Однажды, когда он уже перешёл в строительную область, он встретился с физиком Аносовым, бывшим прежде его научным руководителем, с которым у них сложились товарищеские отношения.
После первых же «Ну как ты? А как ты?» Аносов понял, что с директором творится неладное. И позвал его к себе.
Директор к тому времени уже ослабел от семейной жизни и потому, потеряв мужество, вдруг обрёл откровенность.
Аносов выслушал его внимательно и гневно, увёл к себе в кабинет и сказал проснувшимся домашним:
— Закройте дверь!
Потом уселся напротив директора и наклонился к нему:
— Кто-то сказал — чтобы не делать глупостей, одного ума мало.
— О-ой… — сморщился директор. — Не надо. Только не надо…
— Но ведь действительно мало…
— Не философствуй, я тебя умоляю, — сказал директор. — Я знаю все слова, ты знаешь все слова, все знают все слова.
— Ну если так… — сказал Аносов и спросил: — Володя, а как ты относишься к понятию «народ»?
— Перестань, — сказал директор.
— Слушай, — сказал Аносов. — Я хочу знать — фундаментальное это для тебя понятие или так, пустой звук?
— Ты выпил, что ли? — спросил директор. — А ну дыхни!.. Ты никогда не был демагогом…
Аносов стукнул кулаком по столу:
— Ты знаешь все слова! — сказал он сдавленным голосом. — Все слова ты знаешь!.. А что за словами? Что?! Есть за этими словами высокий закон или нет?
— Я верю в законы термодинамики, — сказал директор. — Они могут быть выражены математически. А понятие «народ» формализации не поддаётся…
— Ты… — сказал Аносов с презрением. — Ты… физик… С каких пор ты стал бояться неопределённости? Этого фундаментального понятия физики?
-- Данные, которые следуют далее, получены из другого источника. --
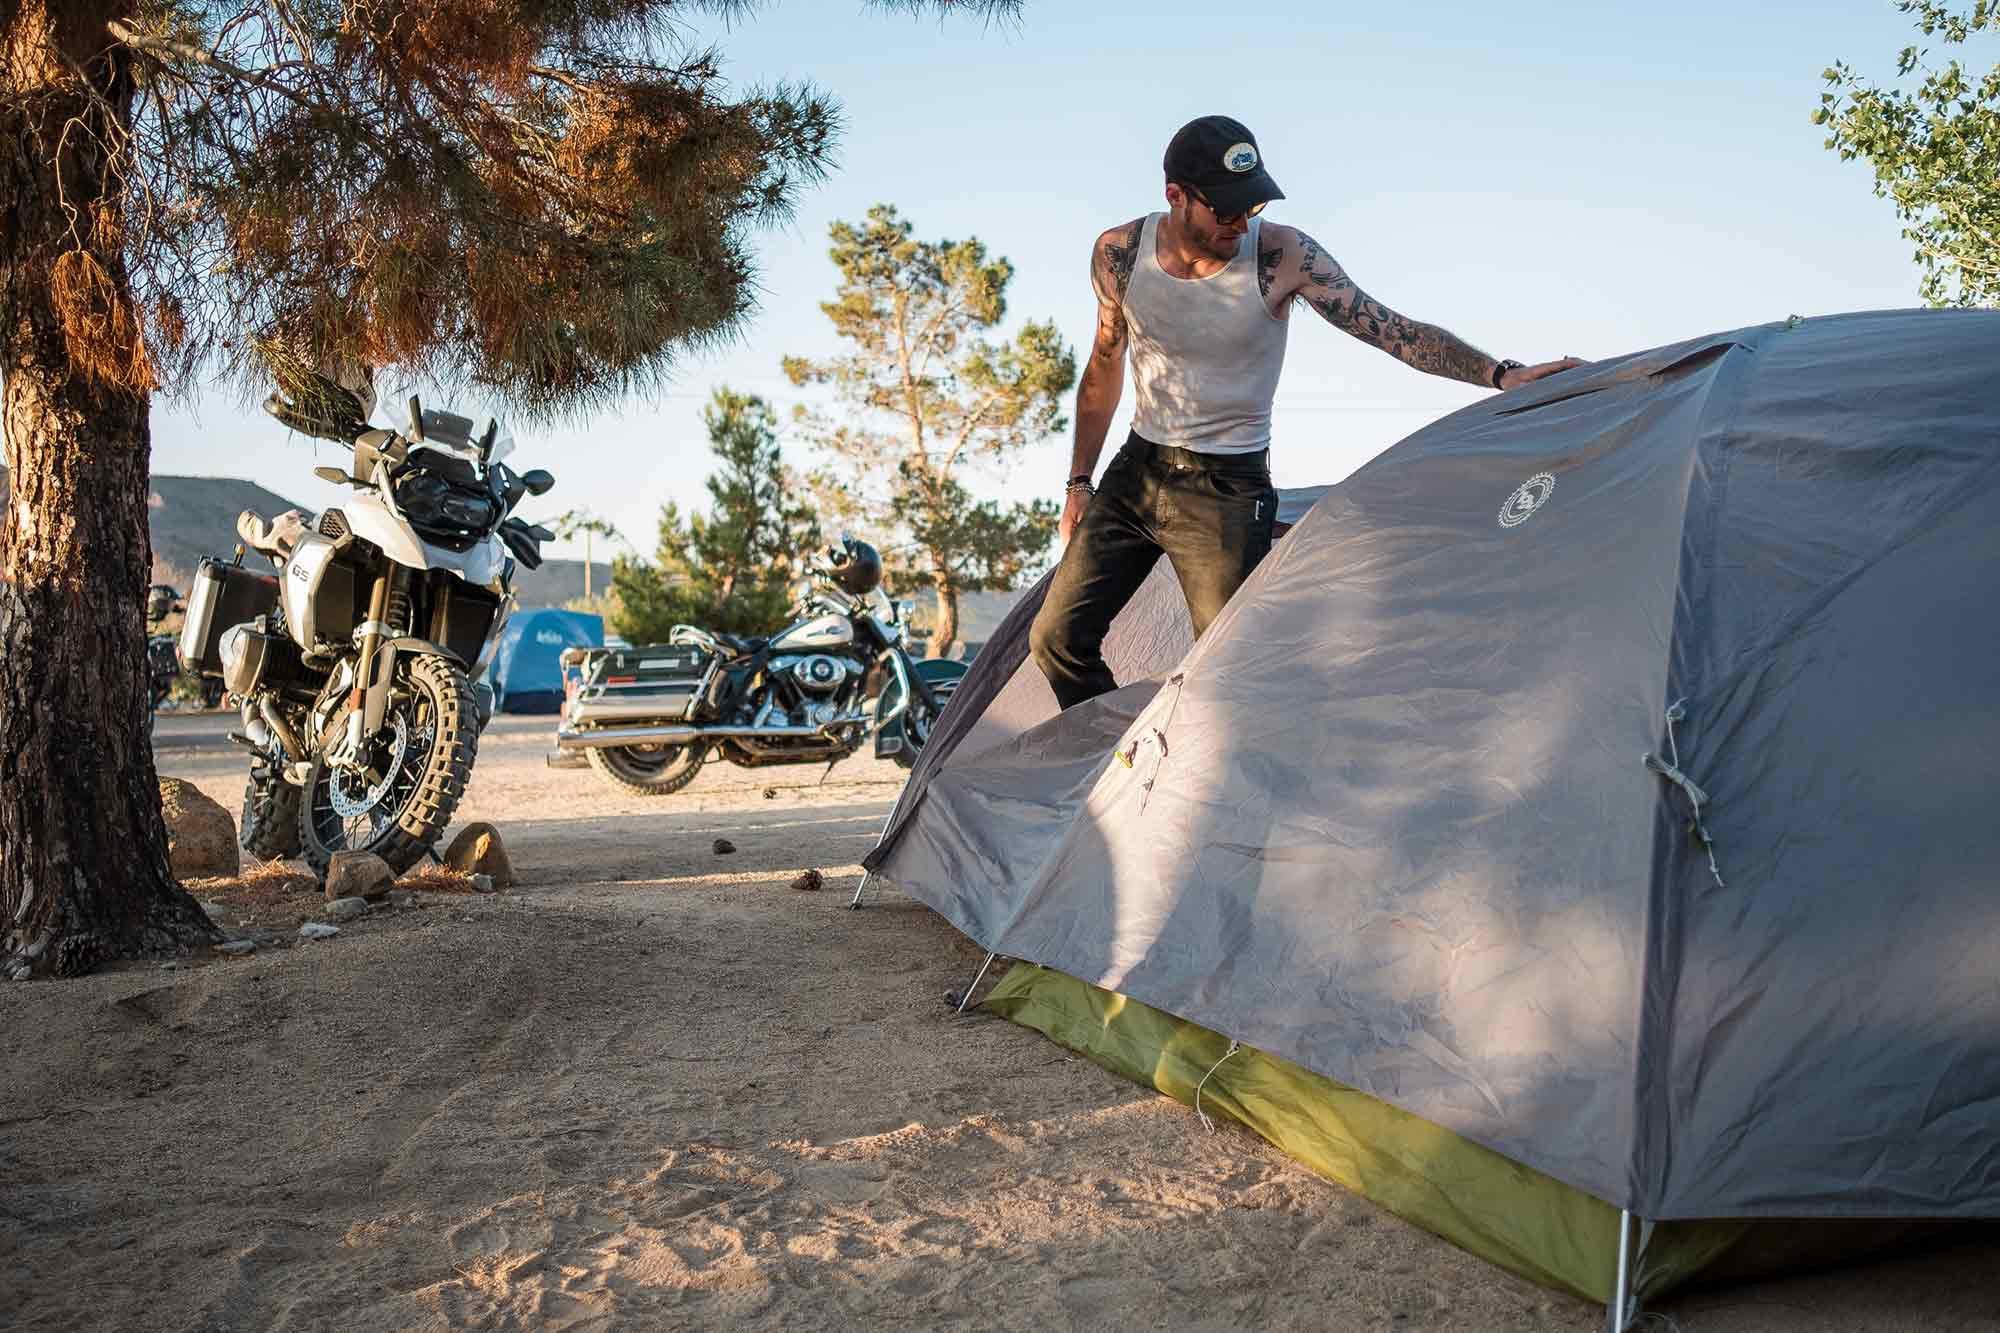 This Big Agnes Bikepacking 3 tent has been with me for many journeys. It sets up easily, packs up small, and best of all, straps right to the bike with no added equipment.
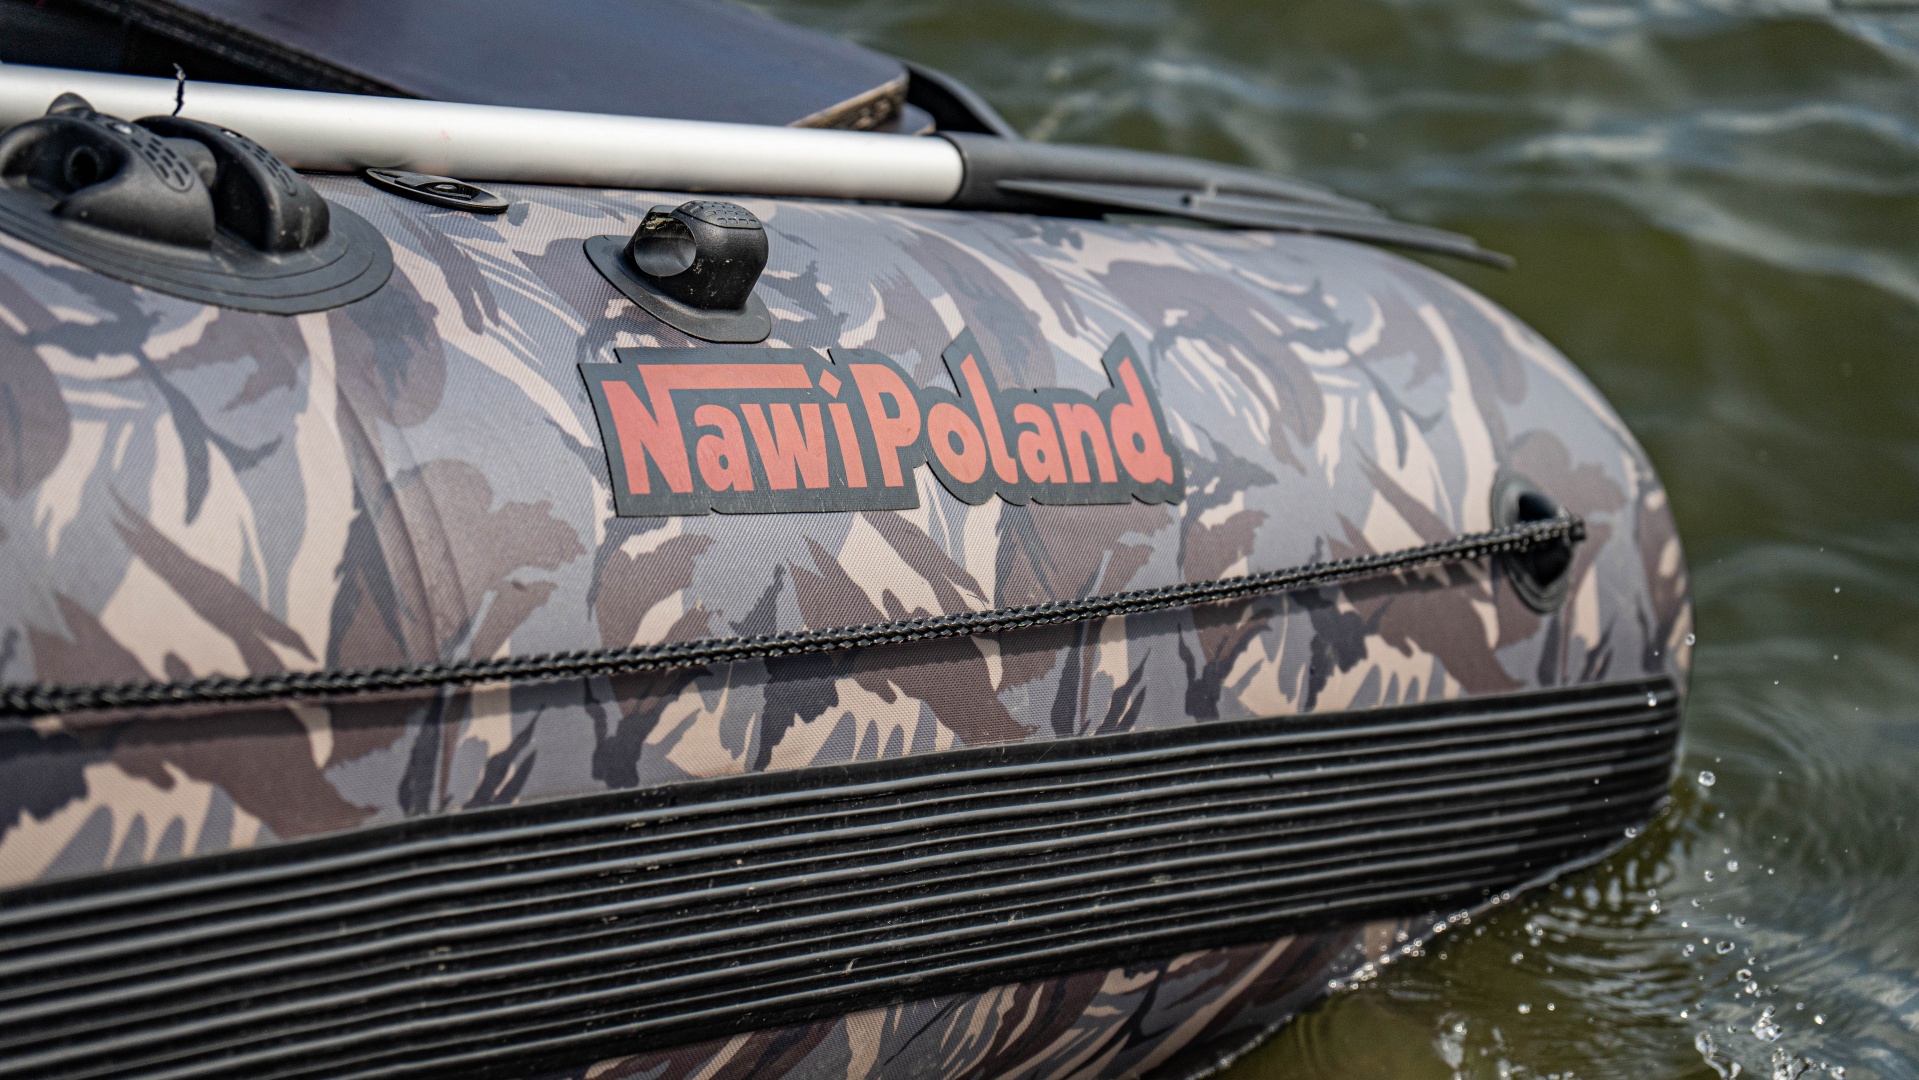 NawiPoland CAT 260 Inflatable Boat  - Катамаран

И второй разговор вспомнил директор. В нём мелькнуло слово «Сиринга».
Директор когда-то в гостях у профессора Филидорова, который занимался изучением термодинамических процессов в живом организме, познакомился с неистовым изобретателем Сапожниковым, которого недавно взяли в филидоровский институт.
Это был бесшабашный, как показалось директору, человек, который утверждал, что Время — это основная материя, из которой произошли все остальные её виды, и дискретные тела в том числе; он проектировал абсолютный для земных условий двигатель, и практически вечный и экологически безвредный, выдвинул идею лечения рака мощным резонансом, губительным для раковых клеток и безвредным для остальных. А также придумал страну Посейдонию, и как в этой Посейдонии был единый язык свиста, позволяющий общаться с животными и понятный всем людям на земле, и что якобы следы той Посейдонии сохранились в виде так называемого Сильбо-Гомера и других свистовых языков в некоторых горных местностях, а также в мифах о том, как Аполлон со струнной кифарой попрал простодушную свирель бога Пана, покровителя стад и нецивилизованных плясок. И эта свирель, сделанная из тростника, называлась «сиринга», и на ней сейчас играют в молдавских селах и называют её «най».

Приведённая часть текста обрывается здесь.